Hi Barret,
On 7/21/25 11:00 AM, Barret Rhoden wrote:
x86_cache_max_rmid's default is -1. If the hardware or VM doesn't set
the right cpuid bits, num_rmid can be 0.
Signed-off-by: Barret Rhoden <brho@xxxxxxxxxx>
---
I ran into this on a VM on granite rapids. I guess the VMM told the
kernel it was a GNR, but didn't set all the cache/rsctl bits.
The -1 default of x86_cache_max_rmid is assigned if the hardware does not
support *any* L3 monitoring. Specifically:
resctrl_cpu_detect():
if (!cpu_has(c, X86_FEATURE_CQM_LLC)) {
c->x86_cache_max_rmid = -1;
...
}
The function modified by this patch, rdt_get_mon_l3_config() only runs if
the hardware supports one or more of the L3 monitoring sub-features
(X86_FEATURE_CQM_OCCUP_LLC, X86_FEATURE_CQM_MBM_TOTAL, or
X86_FEATURE_CQM_MBM_LOCAL) that depend on X86_FEATURE_CQM_LLC per cpuid_deps[].

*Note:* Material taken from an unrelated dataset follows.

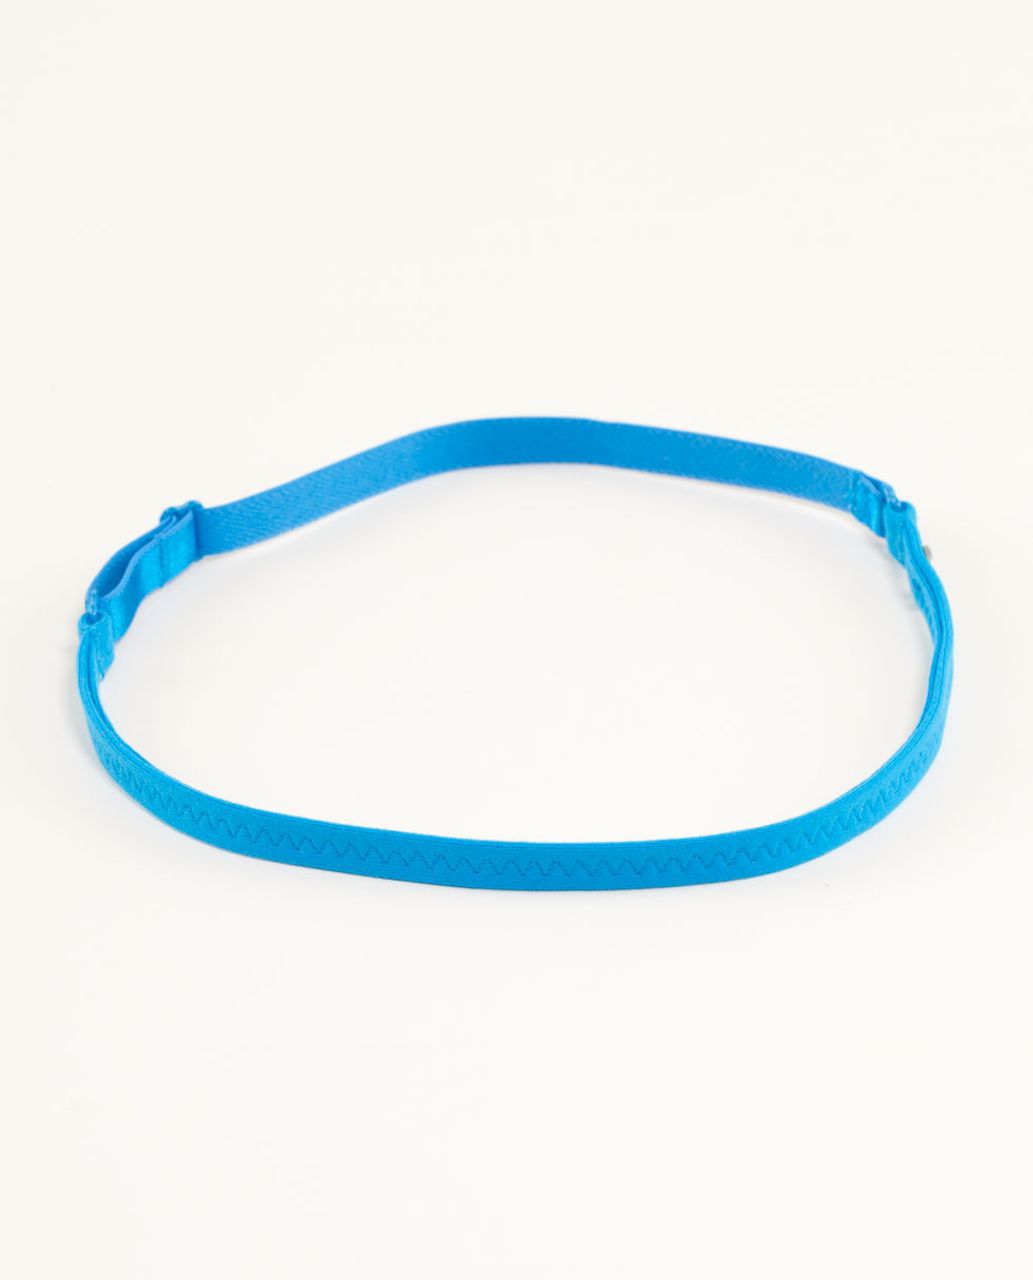 Lululemon Strappy Headband - Beach Blanket Blue

I tried to reproduce the issue on real hardware by using clearcpuid to
disable X86_FEATURE_CQM_LLC and the CPUID dependencies did the right thing
by automatically disabling X86_FEATURE_CQM_OCCUP_LLC, X86_FEATURE_CQM_MBM_TOTAL,
X86_FEATURE_CQM_MBM_LOCAL, not running rdt_get_mon_l3_config() at all, and
not even attempt to enumerate any of the L3 monitoring details.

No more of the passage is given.